For others, in particular small and medium sized businesses, they were checking their insurance policies: did the “business interruption” insurance policy they had in place cover any of their losses suffered as a result of COVID-19 and the subsequent restrictions imposed by government? It was a billion-pound question, with an estimated 370,000 policy-holders holding their breath to hear the answer, after insurers initially refused to pay out.

The answer came last Friday in the form of a judgment of the Supreme court in the first case of its type brought by the FCA under the Financial Markets Test Case scheme. The case, which leapfrogged its way from the High court due to is importance, examined the wording of various sample clauses of business interruption policies and asked whether they applied in the context of COVID-19.

For the policy holders, the judgment was a welcome one; for insurers, an expensive one: the Supreme Court, agreeing with the High Court, dismissed all appeals from the Insurers, allowed all four of the FCA’s appeals, and held that all of the clauses considered in the case (and likely many like them, given they were provided as representative samples) would provide cover for business interruption caused by the COVID-19 pandemic.

The judgment

The judgment itself runs to some 112 pages, and considers a variety of sample clauses commonly found in business interruption policies. For obvious reasons, the focus was particularly on Disease Clauses which cover business interruption losses caused by the occurrence of a ‘Notifiable Disease’ within a defined radius, and so called Prevention of Access clauses which cover circumstances in which a policy holder cannot gain access to their premises, as well as hybrid clauses of the two.

While the Supreme Court disagreed with some of the analysis of the High Court on questions of construction and causation, ultimately the Supreme Court’s judgment not only confirmed coverage for those policy holders for whom the High Court found in favour, but expanded the class of potential claimants further.

The Disease Clauses

One of the questions for the Court was the meaning of the sample Disease Clause which read:

“We shall indemnify you in respect of interruption or interference with the Business during the Indemnity Period following…any occurrence of a Notifiable Disease within a radius of 25 miles of the Premises”
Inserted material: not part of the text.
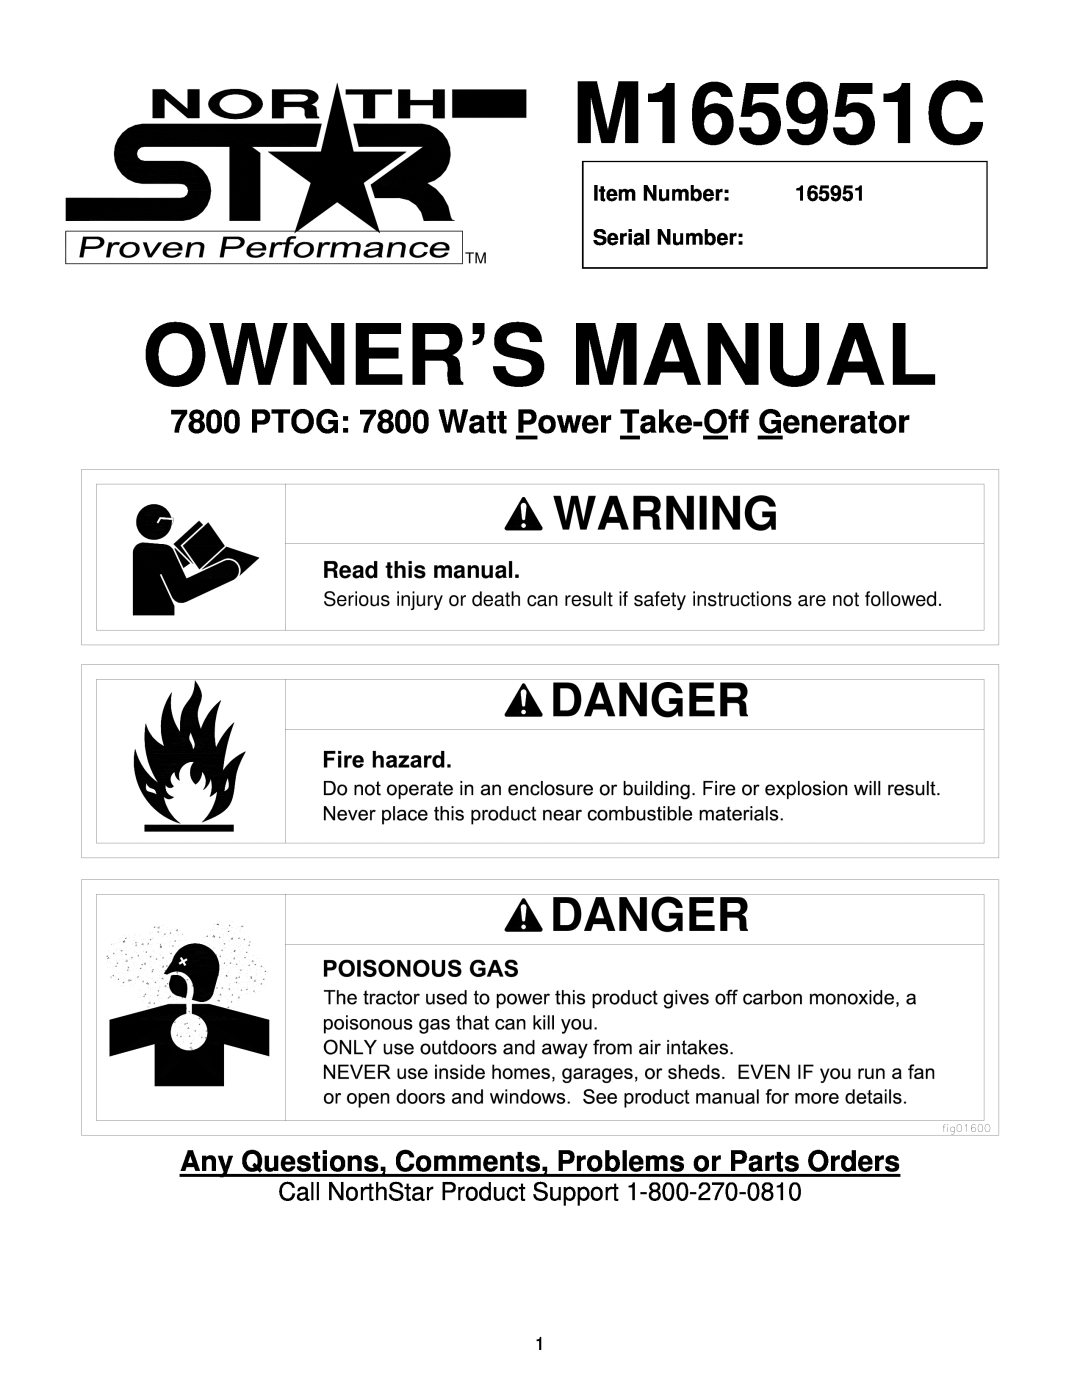 North Star M165951C owner manual Owner’S Manual, Danger, PTOG 7800 Watt Power Take-Off Generator, Read this manual

  • The High Court had interpreted this clause quite widely: in its view, the clause covered the effects of COVID-19 generally, not merely the effects of a single case within the 25-mile radius. So, as long as a policy holder could point to a case of COVID-19 in the defined radius, their business interruption losses owing to the more general effects of COVID-19 would be covered.
  • The Supreme Court disagreed with the above analysis. It had the effect, the Court said, of straining the plain meaning of the clause and resulting in coverage for perils that were not insured against: the so-called “insured peril” was the occurrence (i.e. a single case of COVID-19) within the 25-mile radius. Only losses resulting from that occurrence were covered.
  • However, critically, this interpretation did not limit the scope of claims as policy holders might have feared. When the Court moved on to consider causation, it rejected the argument that a policy holder had to show that “but for” the single case it had identified within the defined radius, the loss would not have occurred. Instead, the Court said that there are circumstances where it is appropriate to depart from the “but-for” test for causation, and this was one.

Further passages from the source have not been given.